If anything, Deebs’s claims are even weaker. The record amply demonstrates that Deebs’s performance evaluations were sub-standard from the date of his employment with ALSTOM. It is undisputed that he twice failed ALSTOM’s test of basic electronics knowledge— achieving a significantly lower score the second time he took the exam—and Deebs does not dispute that the exam is relevant to the assessment of an employee’s qualifications, nor does he cite any evidence which would suggest otherwise. Rather, he asserts that at least one younger employee was allowed to cheat so that he could pass the test. But Deebs bases this assertion upon his own deposition testimony that this younger employee disclosed the cheating to him. The younger employee, in his own deposition testimony, flatly denies that any cheating took place or that he made any such statement to Deebs. Moreover, while Deebs asserts in his brief on this appeal that he has tape-recorded proof to support this claim, his deposition testimony avers only that he taped a conversation with the younger employee. The testimony makes no reference to the content of the taped conversation, and the recording itself has not been placed in the record. The record therefore contains no admissible evidence to support Deebs’s claims. In sum, ALSTOM has made the case that Deebs was terminated because “he lacked competence, he failed basic electronics skills tests that were administered to assess those skills, and he failed to successfully complete” a term of probationary employment.

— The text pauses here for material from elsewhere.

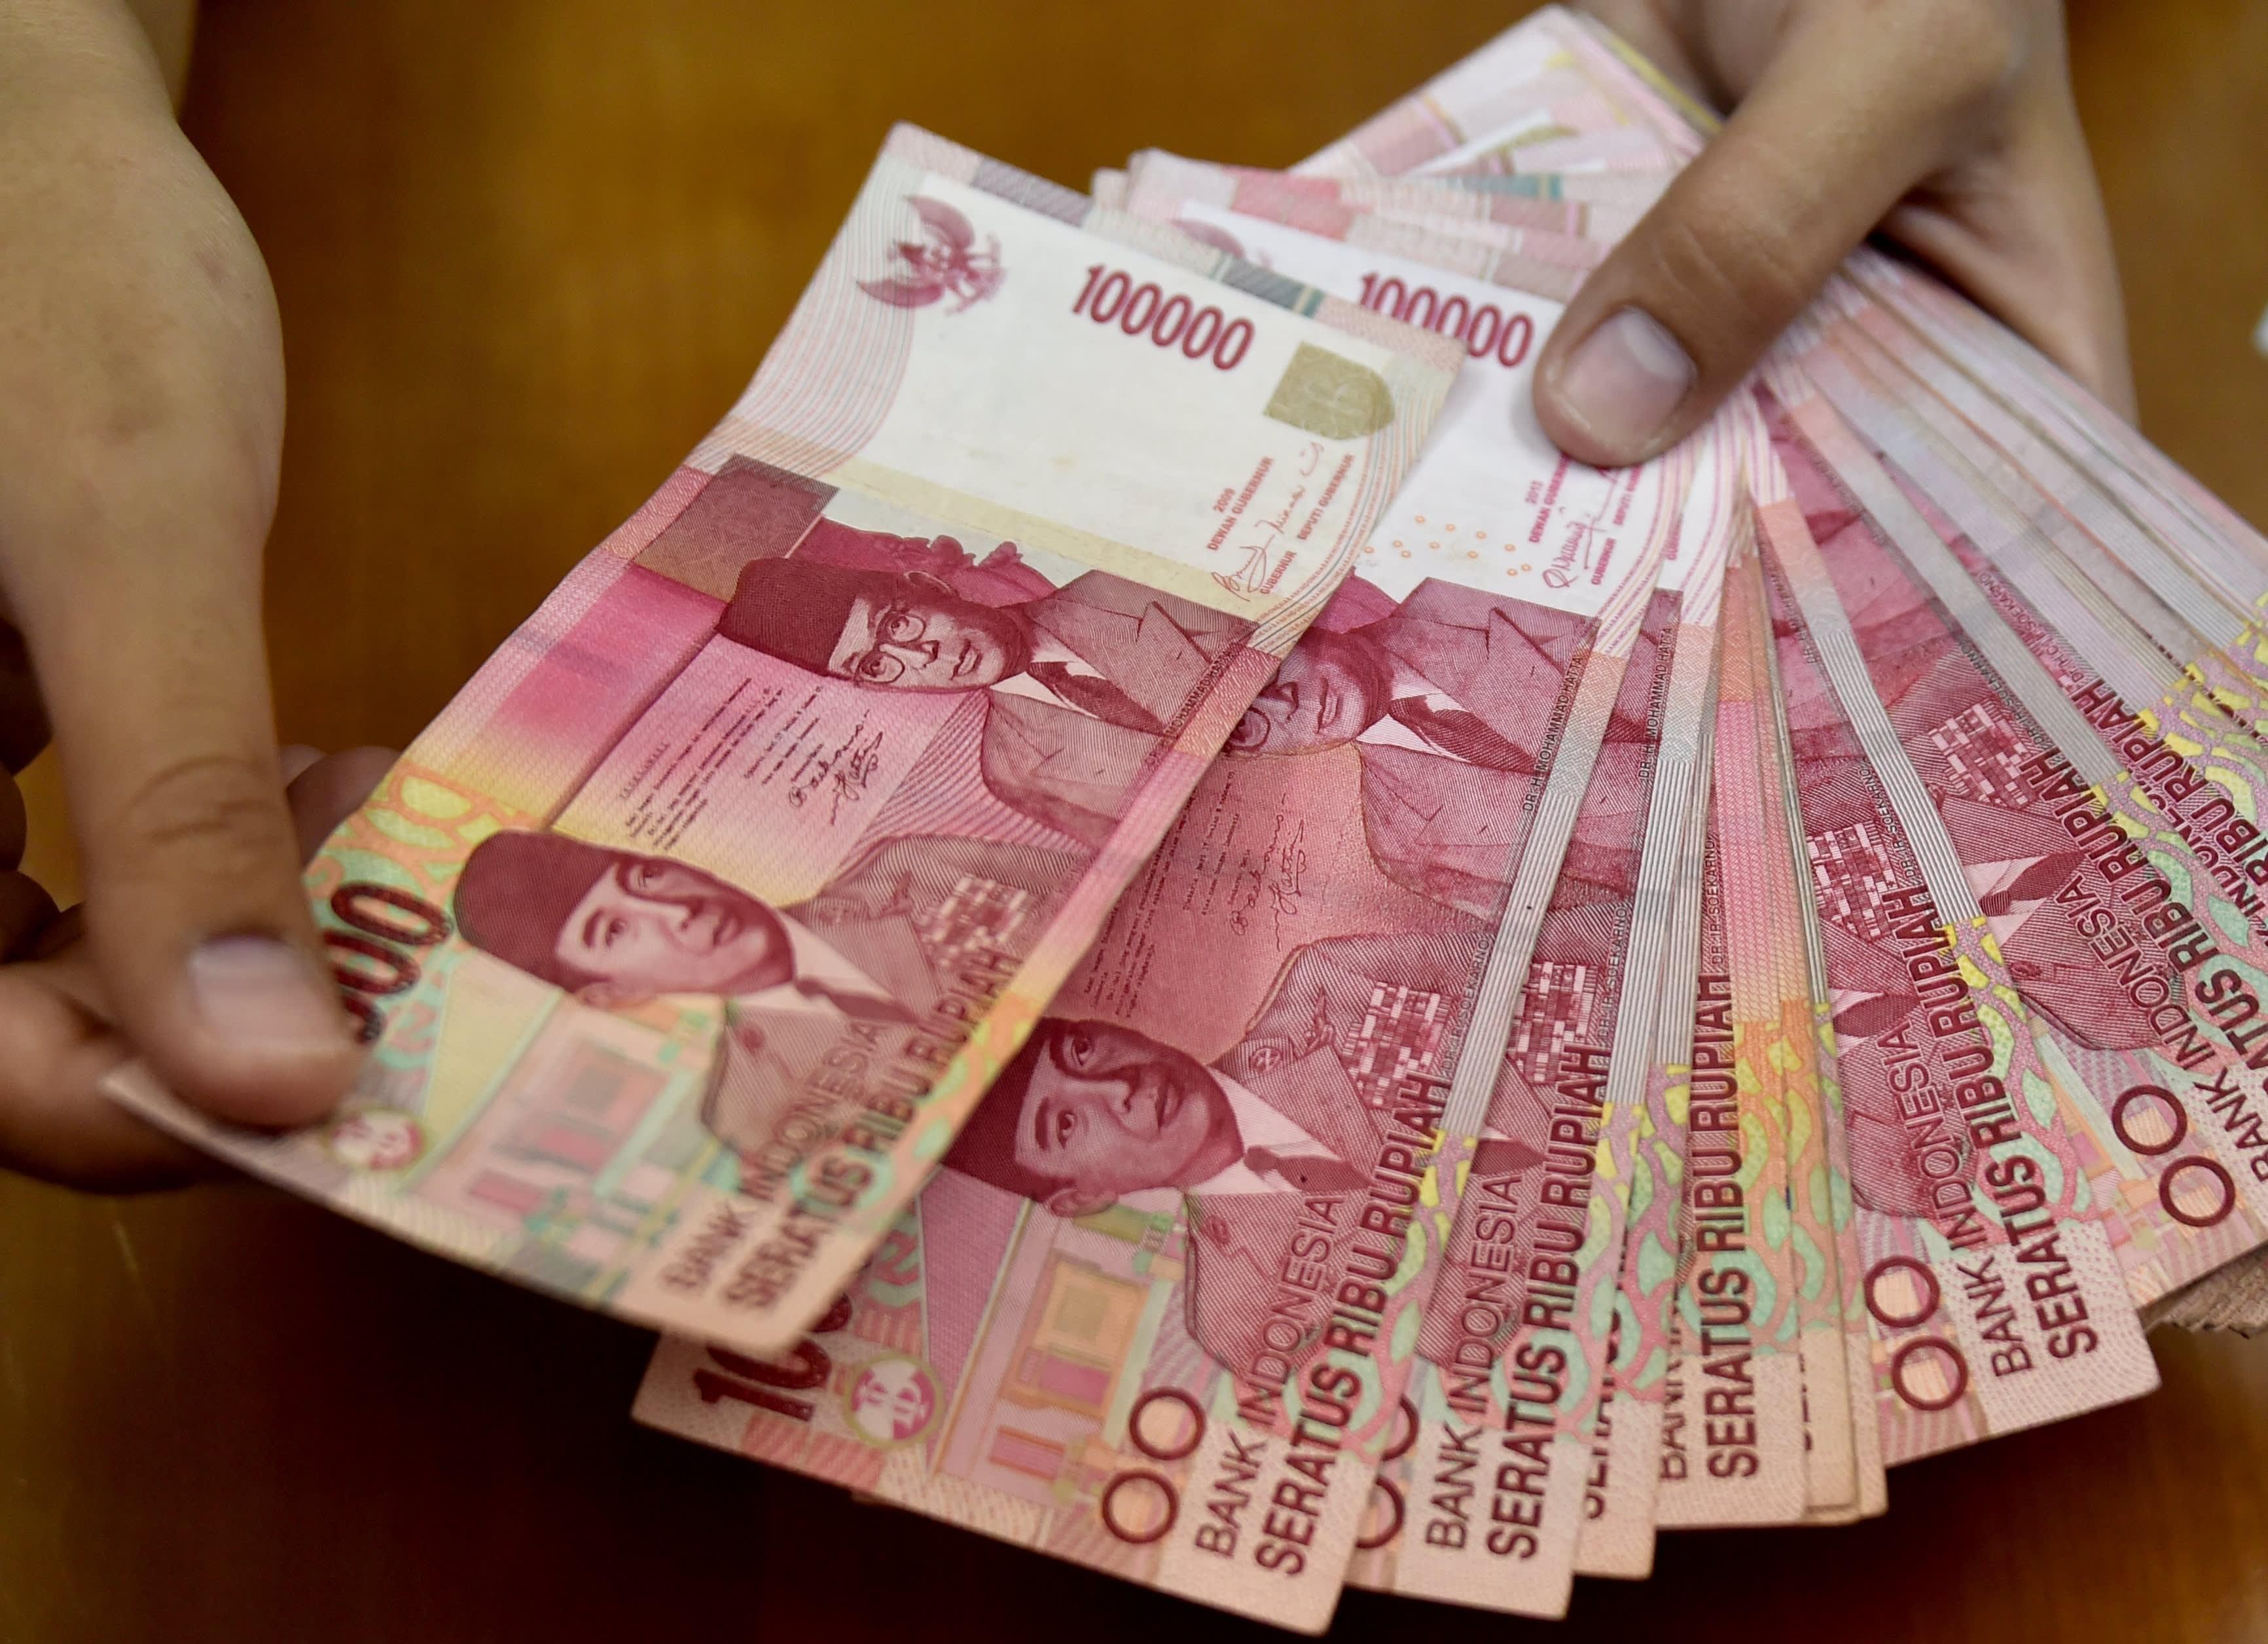 Indonesian Trade Minister Enggartiasto Lukita On Rupiah Deficits

Finally, Deebs’s claim that his second termination by ALSTOM—the termination from the warehouse position—was retaliatory also fails. Even assuming that the firm can be charged with knowledge that Deebs had filed a discrimination complaint with the EEOC prior to the second termination, Deebs supports his claim of retaliation with nothing but the proximity between his administrative filing and his second firing. But the law is clear that “[w]here timing is the only basis for a claim of retaliation, and gradual adverse job actions began well before the plaintiff had ever engaged in any protected activity, an inference of retaliation does not arise.” Slattery v. Swiss Reinsurance America Corp., 248 F.3d 87, 95 (2d Cir.2001) (no inference of retaliation where plaintiff was *658placed on probation and fired a short time after filing an EEOC complaint since the adverse employment actions were part of an extensive period of discipline which began five months prior to the filing). Because of Deebs’s poor performance record, and subsequent legitimate firing on the basis of that record, Deebs’s second firing does not raise an inference of retaliation because ALSTOM had a basis to believe he would be a poor employee.

For the reasons stated above, the judgment the district court is hereby AFFIRMED.